● Task goal
Word for word, restate the lines of the data below between those holding "IMMERSION 36 in." and "Hydraulic Accumulator Products", inclusive; pictures do not belong in the copy.

● Records for the task
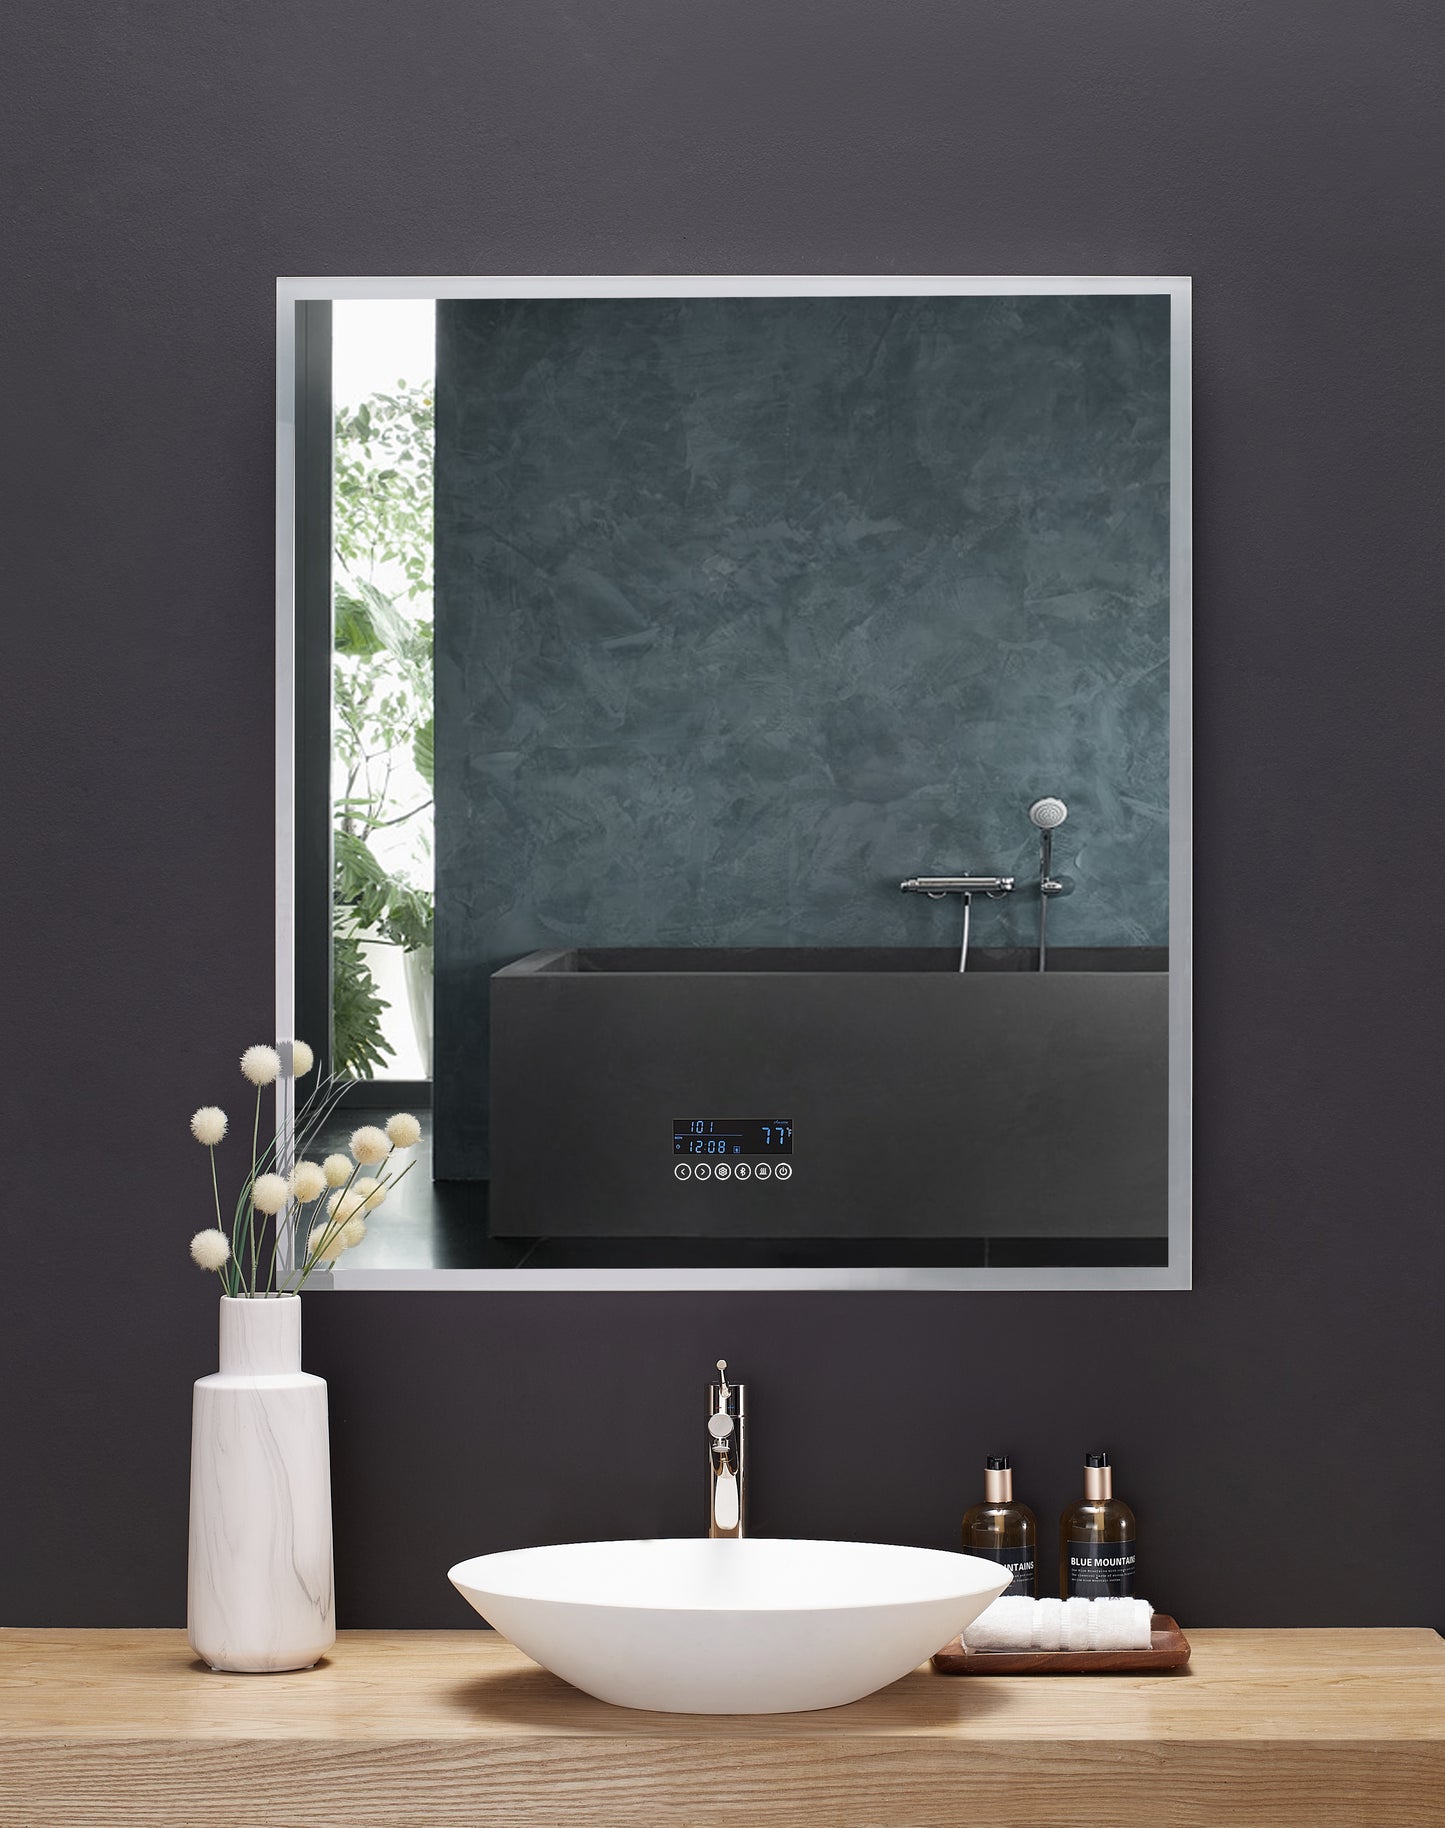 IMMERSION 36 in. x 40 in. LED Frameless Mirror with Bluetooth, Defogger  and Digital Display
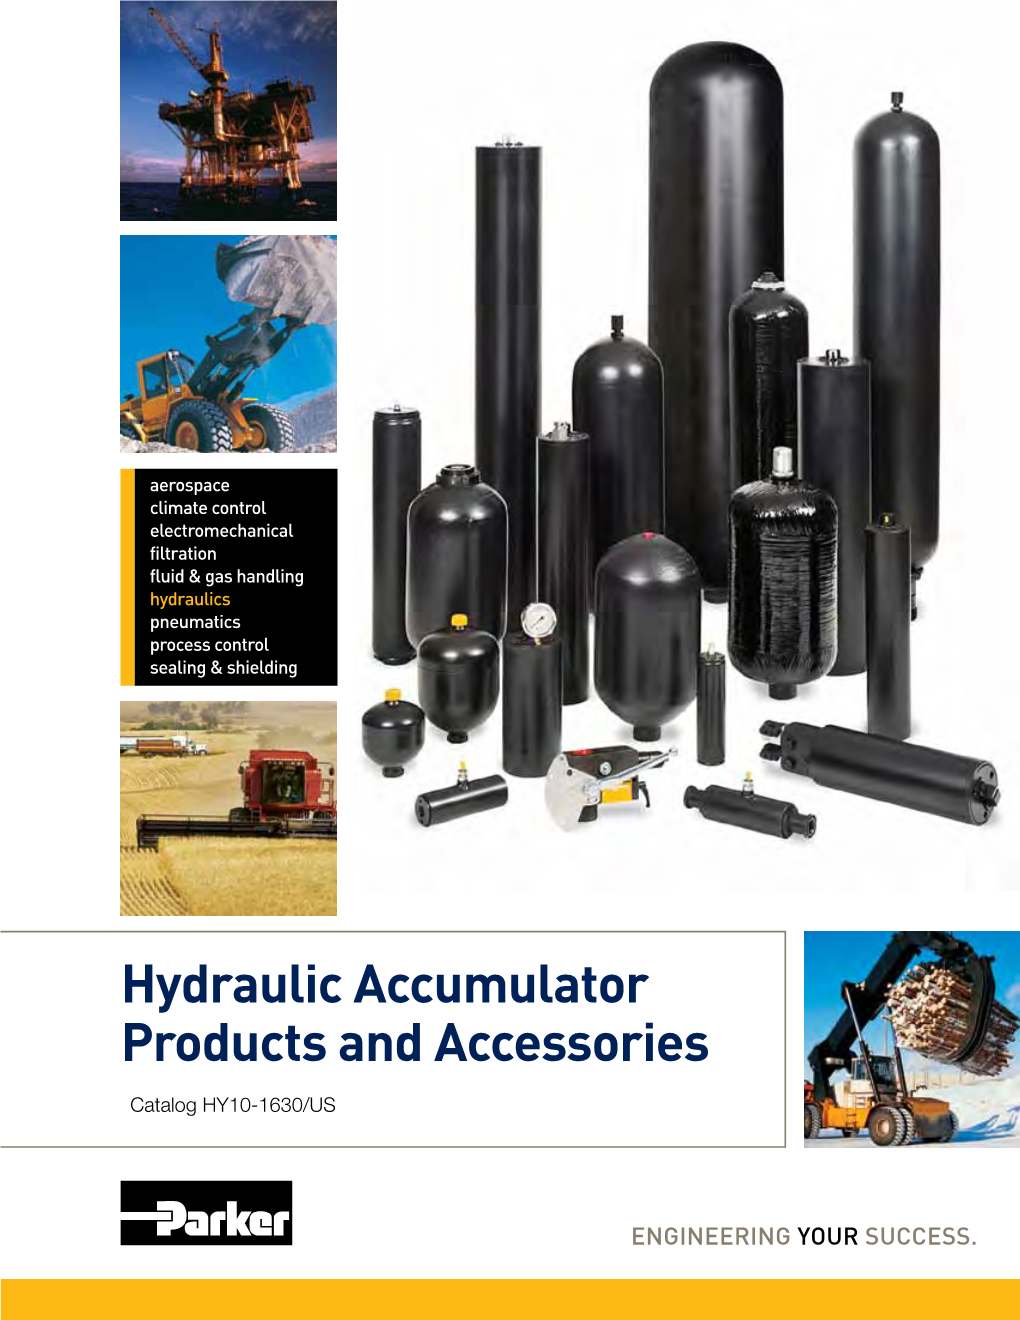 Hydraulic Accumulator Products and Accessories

==

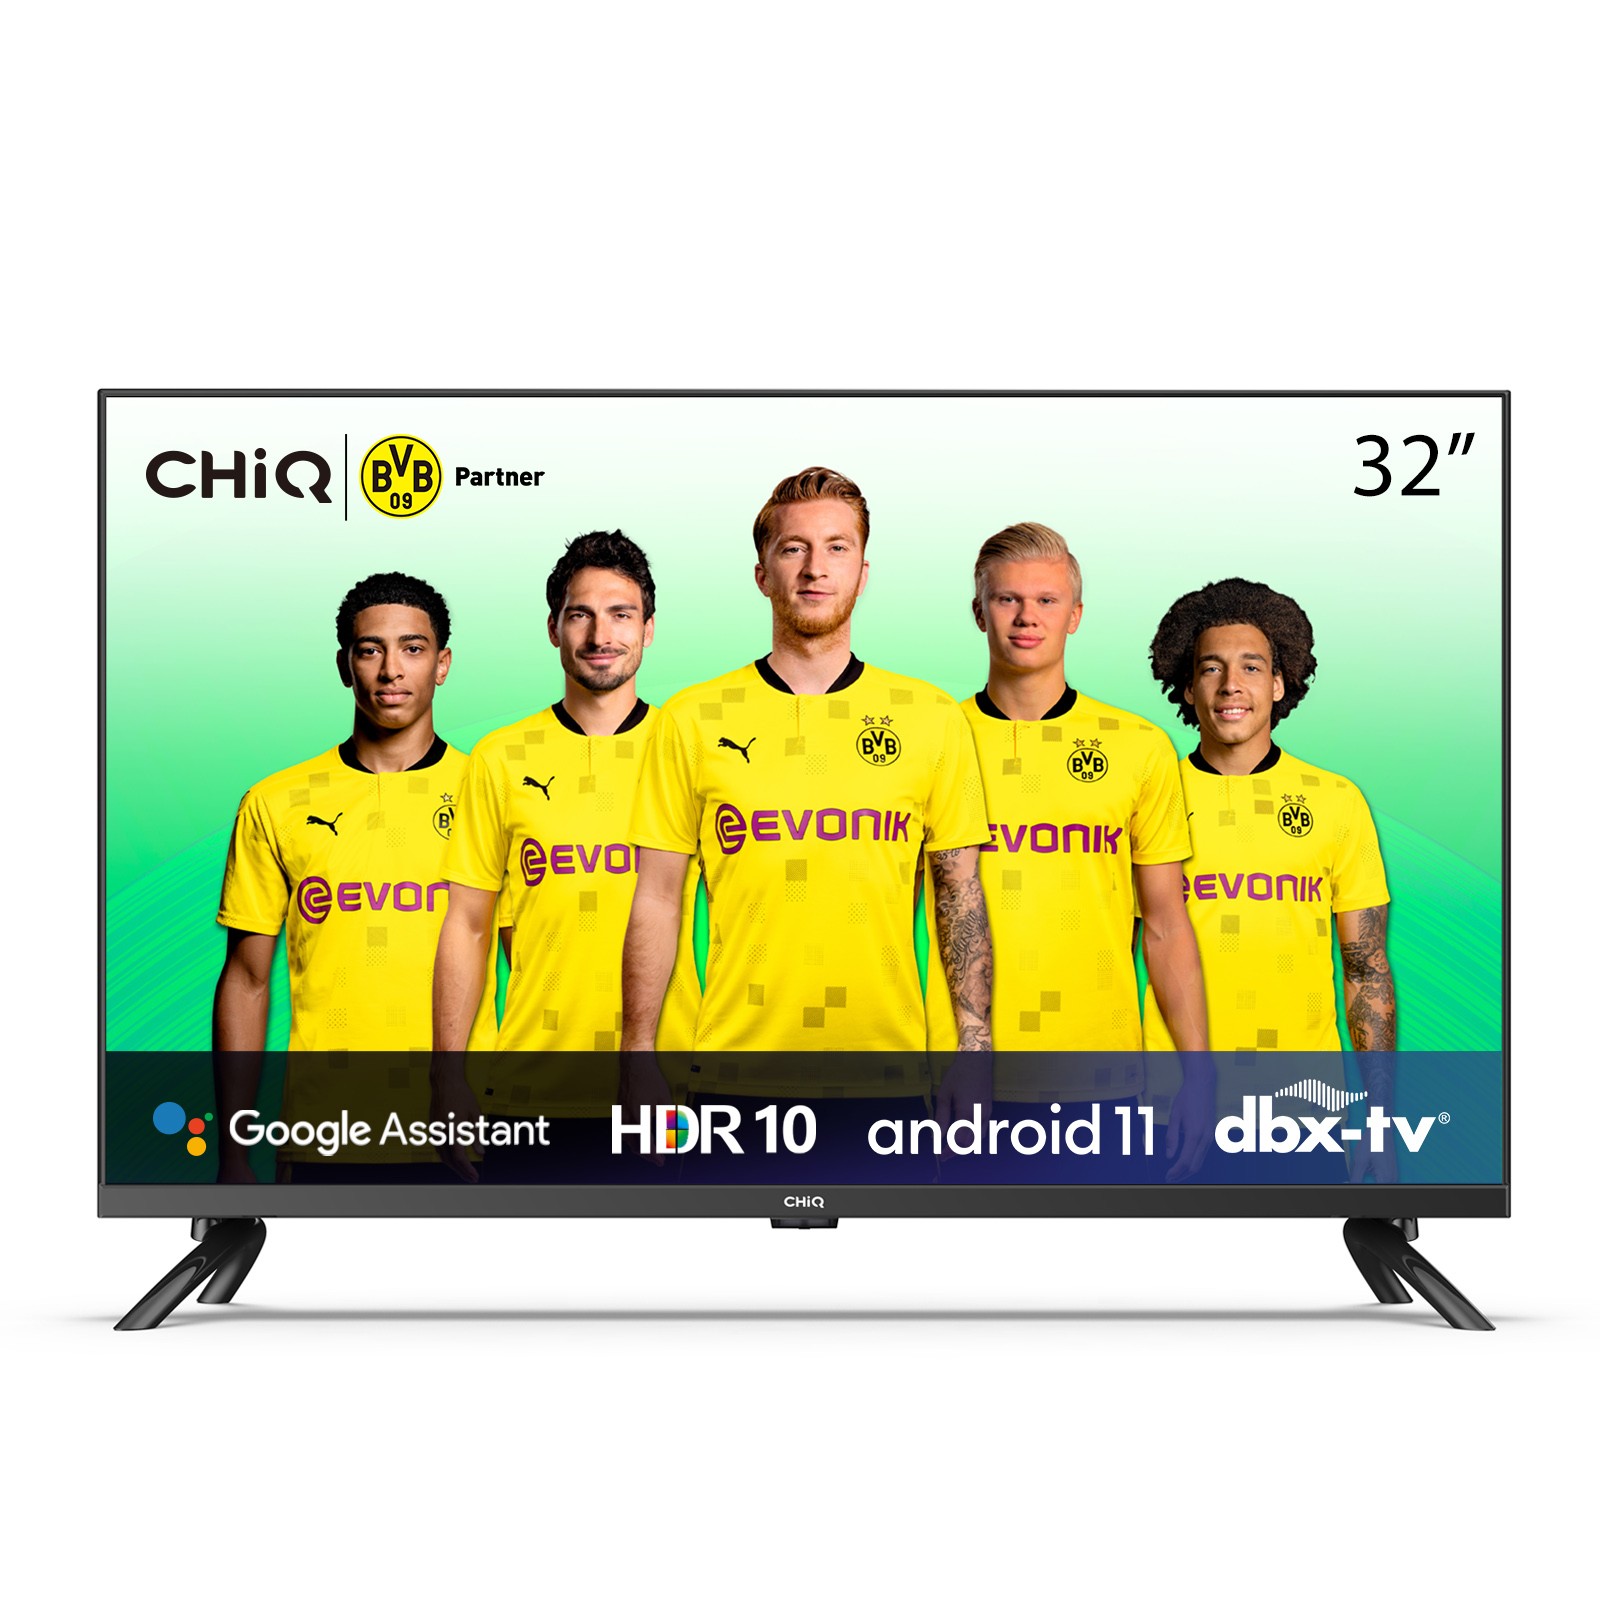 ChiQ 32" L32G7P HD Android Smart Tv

==

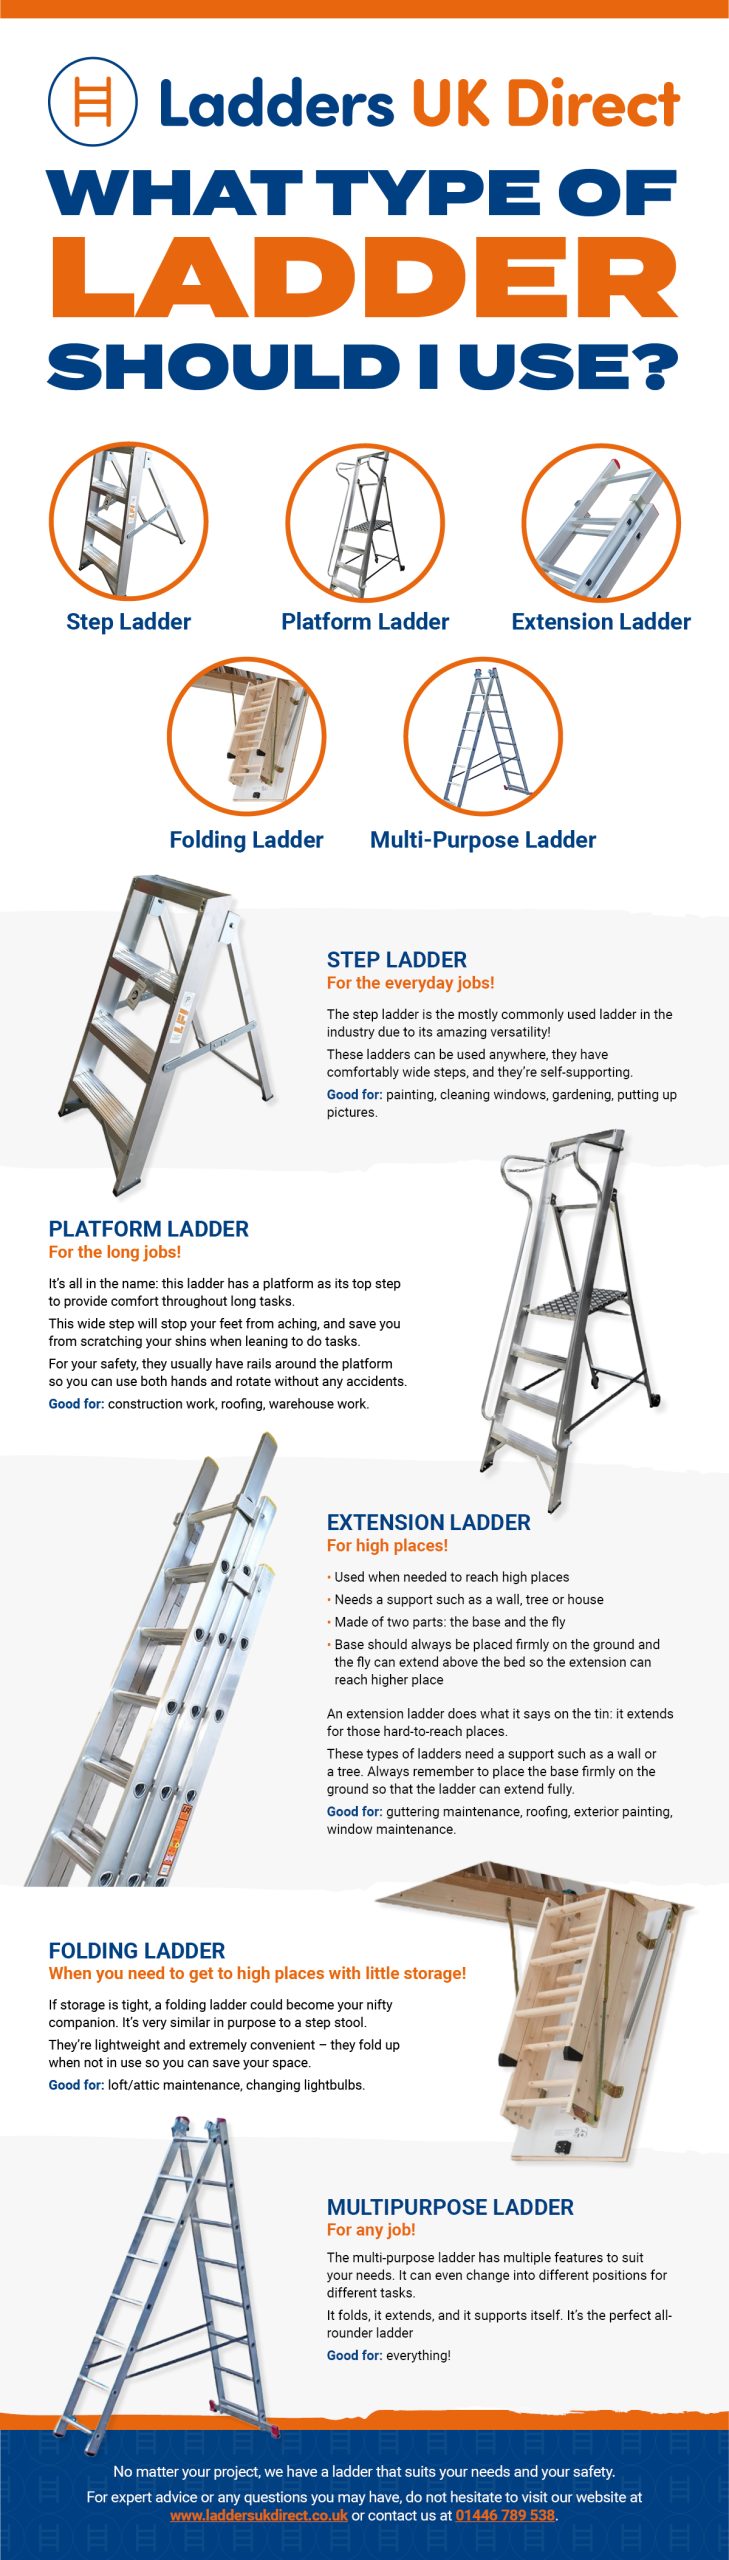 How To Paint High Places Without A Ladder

● Answer space
 IMMERSION 36 in. x 40 in. LED Frameless Mirror with Bluetooth, Defogger  and Digital Display
 Hydraulic Accumulator Products and Accessories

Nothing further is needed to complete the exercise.